Hacker News new | comments | show | ask | jobs | submit login
Hacker's guide to Neural Networks (2012) (karpathy.github.io)
424 points by catherinezng 11 months ago | hide | past | web | favorite | 39 comments

I've read so many of these, none of them include the information I need.

If someone wrote a "Hackers guide to Tuning Hyperparameters" or "Hackers guide to building models for production" I would ready/share the shit out of those.

The problem is, this really is different on each task. It's really hard to state any generic rules of thumb. Everyone has their own default parameters and intuitions but I would say most of them are heavily biased to the tasks you have worked with. For example, I work with deep bidirectional LSTMs on acoustic modeling for speech recognition, and I use Adam with a starting learning rate of 0.0005, Newbob learning rate scheduling, pretraining, dropout of 0.1 in addition to L2 regularization, and so on. I tried to collect these results here: https://www-i6.informatik.rwth-aachen.de/publications/downlo...

I know nothing about any of this, but has there been any work into using neural networks to guide and vary the parameter values during training?

There has been some work related to what you are describing:

Learning to learn by gradient descent by gradient descent https://arxiv.org/abs/1606.04474

Related (but less so), there are also some papers about learning neural network architectures:

Designing Neural Network Architectures using Reinforcement Learning https://arxiv.org/abs/1611.02167

Neural Architecture Search with Reinforcement Learning https://arxiv.org/abs/1611.01578

This is great, thank you, added it to tonight's reading list.

Both are tricky subject and lot of cooking-like thinking (there are popular recipes, general rules, but in all practical cases to master it there is a lot of non-transferable experience and knowledge).

Some pointers:

* http://rishy.github.io/ml/2017/01/05/how-to-train-your-dnn/

* http://www.alexirpan.com/2017/06/27/hyperparam-spectral.html

At deepsense.io we are developing Neptune to facilitate that process (compare models, version-control them), here: https://go.neptune.deepsense.io (a public release in less that a month!).

Another resource - https://sigopt.com/, in the vein of Whetlab.

e.g.
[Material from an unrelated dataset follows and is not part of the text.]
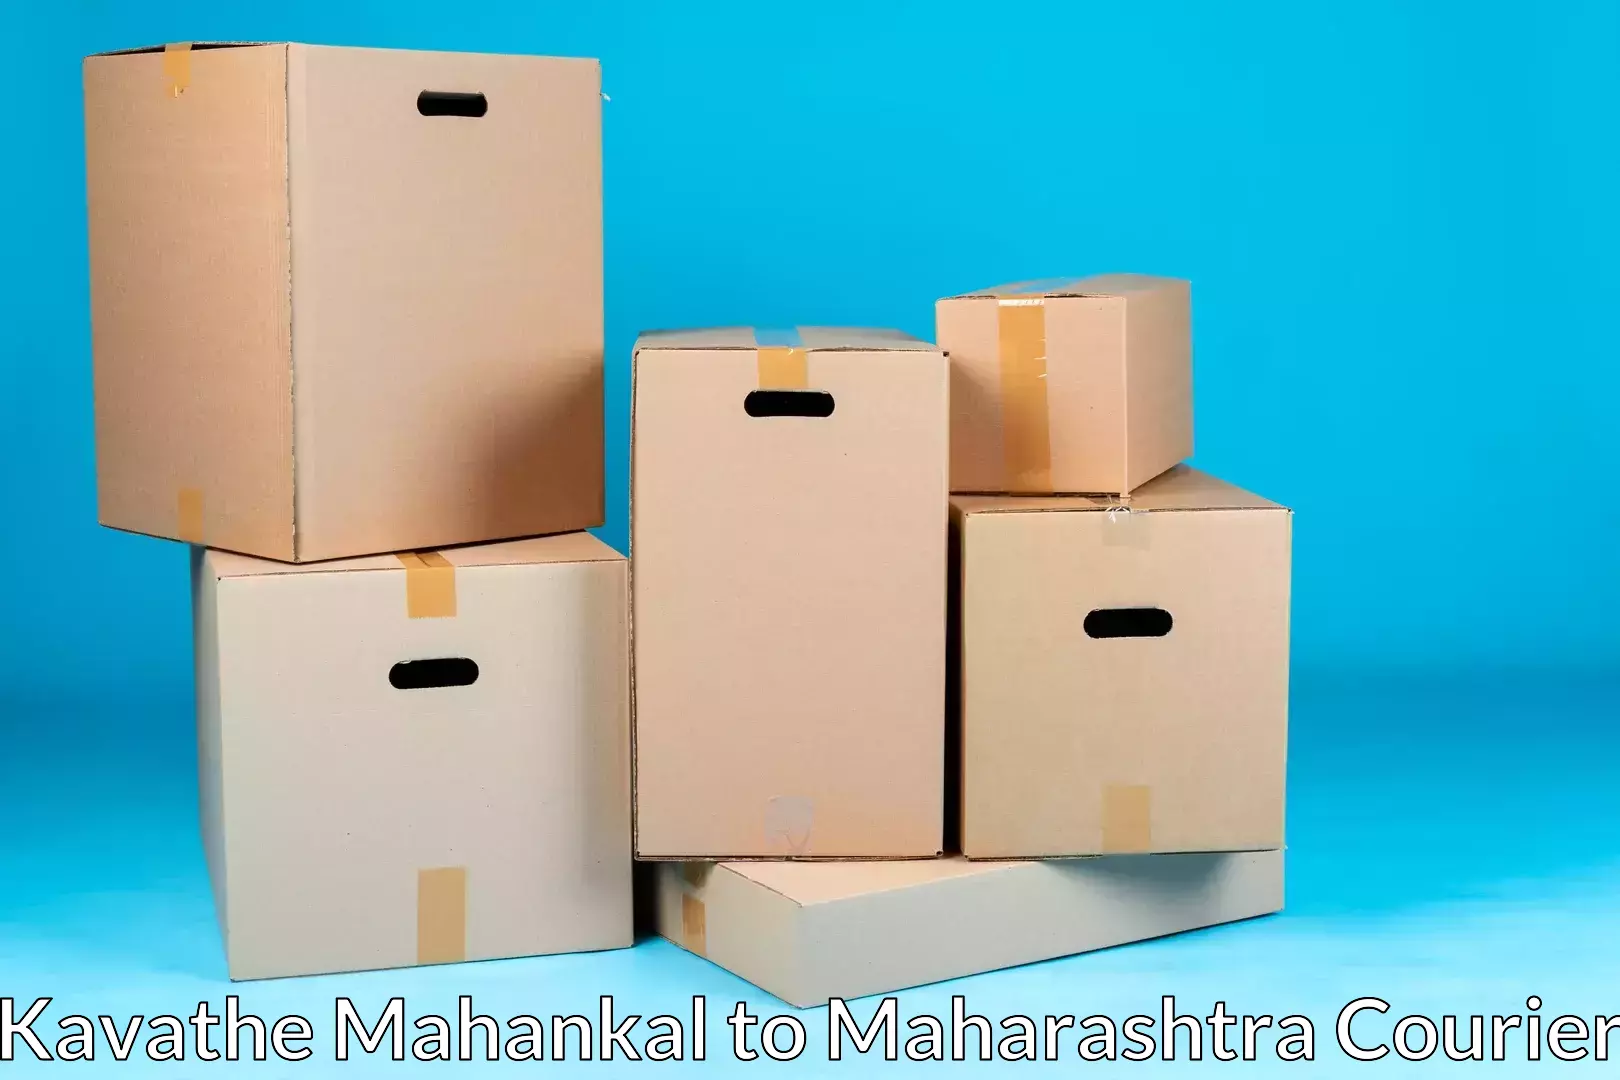 Home goods moving company Kavathe Mahankal to Loha Nanded

For NLP:

* https://aws.amazon.com/blogs/ai/fast-cnn-tuning-with-aws-gpu...

Disclaimer: they did share free trials with some of our students.

It looks interesting, and talk with these guys (including the author) on a conference (GPU Tech Conf in San Jose). However, for other much more transparent systems, I am kind of anxious to add a black box.

Especially as most of neural network tweaking go well beyond hyperparameter tweaking - one need to adjust architecture, make sensible cross-validation, good augmentation, etc.

The problem is that these guides would have to be domain specific. I can imagine such e.g. "Hackers guide to Tuning Hyperparameters for NLP", but it would have different recommendations than a similar guide for image processing or financial dataset analysis.

That makes sense. But what I need to know are the thought processes that go into determining the hyper-parameters. Most of the time my process amounts to slightly-educated-guess and check. Are there smarter ways to go about that? What tools / analysis should I be doing to see the effects of my tweaks.

Thought process #1 is to test, measure and document everything. Change one thing at a time; if you have two modifications that you want to try and have the resources, then it'd be best to run (measure) A, B and A+B instead of both of them at the same time. If early in your experiments adding A was a mildly beneficial thing, it may be the case that after extensive modifications it's not anymore, but you can try and check that. This obviously means that you need a simple, mostly automated way to run repeatable experiments and document their results.

Thought process #2 is to read lots of papers that go into details on solutions for similar problems, see what works and doesn't work for them, try to understand if the factors that make it useful apply to you as well (e.g. size or type of data may mean that your experience is likely to be opposite) - and, of course, try and evaluate.

Thought process #3 is to do error analysis, possibly with tooling to show the relations (e.g. for image analysis tasks). You definitely want to know what kinds of mispredictions are you getting in what amounts, and that may help you (though not always) to understand why a particular type of misclassification occurs.

Technical analysis may also come into play, but IMHO that is more useful for debugging why something fails totally and not that useful for getting better accuracy on something that works really well (more useful for getting faster convergence to the same result). There are all kinds of metrics you may measure on your network, e.g. dead neurons for ReLU family, are your early layers stabilizing or not, etc. But again, problems of convergence at all or its speed and problems of converging to a not-good-enough optimum are quite different.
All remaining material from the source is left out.